On its inner face, the intermediate carriage 321 comprises a pair
of parallel rails 324, 325 for slidably guiding the carriage
330.
[0074] On one hand, the belts 322, 323 are fixed to the carriage
330, on the other hand, the belts are fixed to the central portion
of the base part 310. As soon as the intermediate carriage 321 is
driven along the base part 310 with a given velocity, the carriage
330 is moved in the same direction, having the same velocity
relative to the intermediate carriage 321, because of the relative
movement of the belts 322, 323 with respect to the intermediate
carriage 321. Due to the superposition of the movements the
resulting velocity of the carriage 330 with respect to the base
portion 310 is about twice that of the intermediate carriage
321.
[0075] The FIGS. 2-6 show the carriage 330 in its leftmost
position. The intermediate carriage 321 together with the carriage
330 are salient with respect to the base part 310 of the
longitudinal beam 300. The length of the lateral beam 300
corresponds to the distance of adjacent press stations, i.e. 5-6 m,
reduced by the excess length of the telescopic drive mechanism 320.

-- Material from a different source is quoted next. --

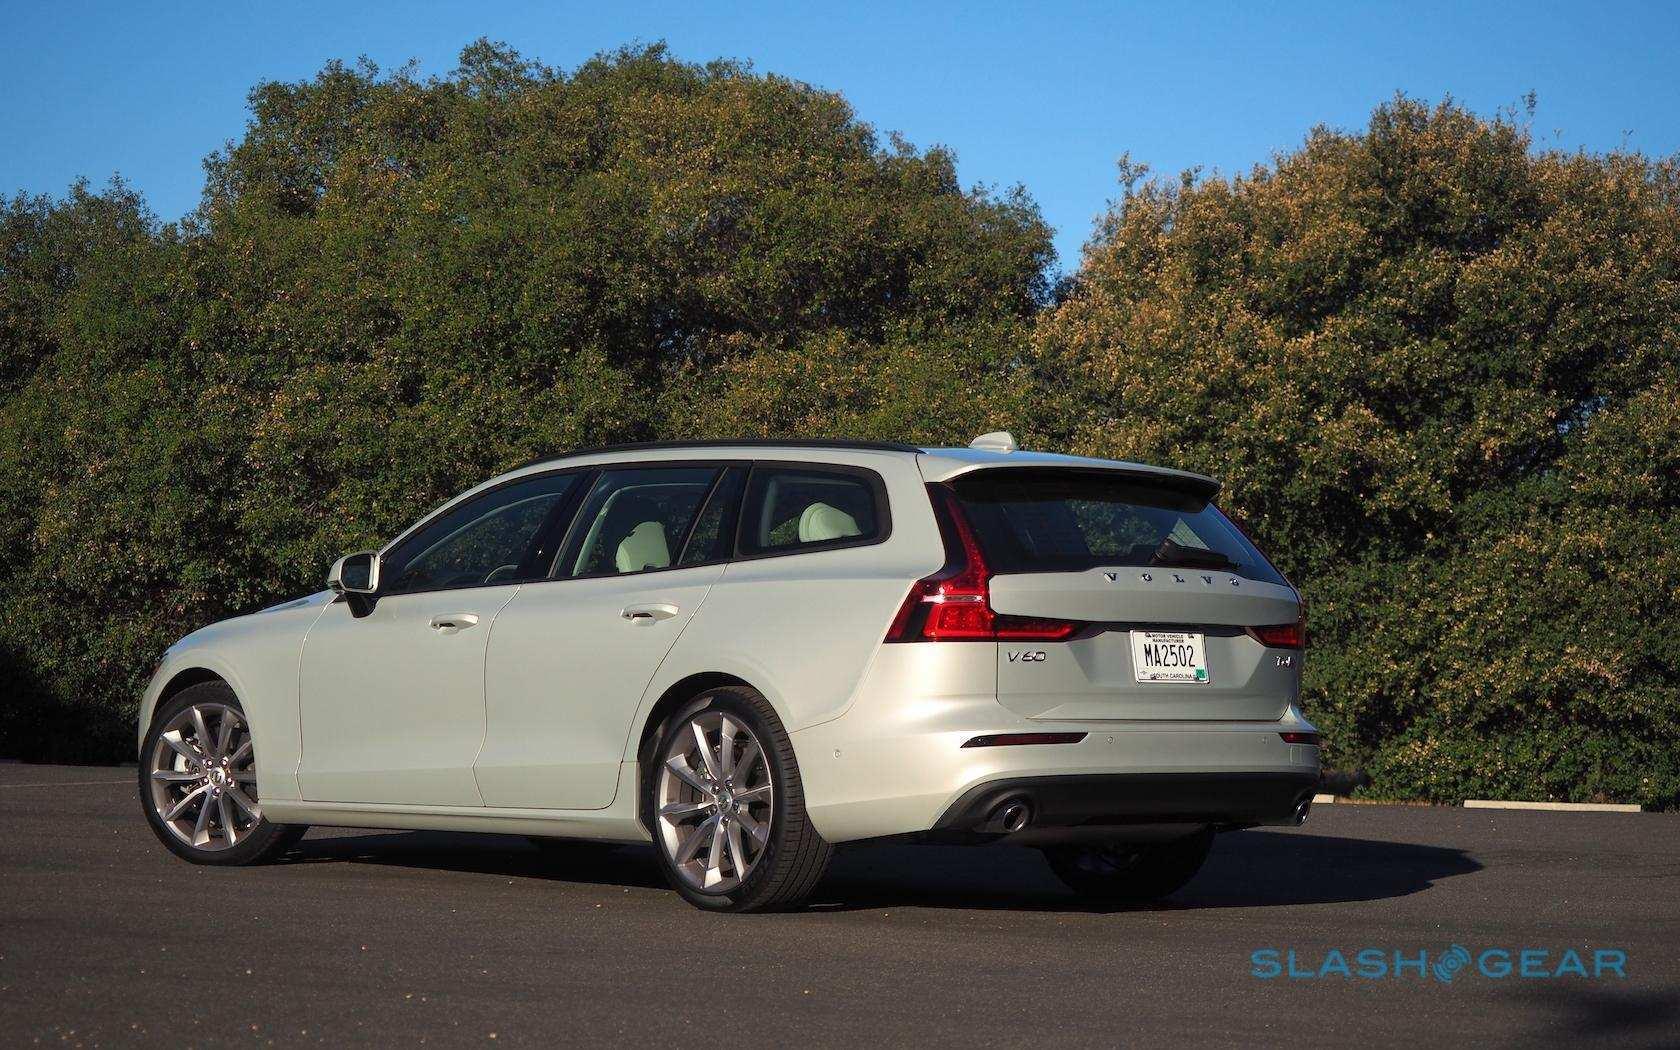 93 Gallery of 2019 Volvo V60 Price Price and Review for 2019 Volvo V60 Price

This allows for positioning adjacent conveyors in a press line or
multipledie press such that both conveyors may reach the same
intermediate position where the work piece is to be deposited or to
be picked up, without interference between the lateral beams of the
conveyors. Namely, the protruding portion of the intermediate
carriage 321 penetrates the interspace between two adjacent lateral
beams exclusively during the pickup or deposition of a work piece.
Otherwise, the base part 310 leaves enough room for pivoting the
lateral beams and for positioning the cross-bar of the adjacent
conveyor in the interspace between the beams.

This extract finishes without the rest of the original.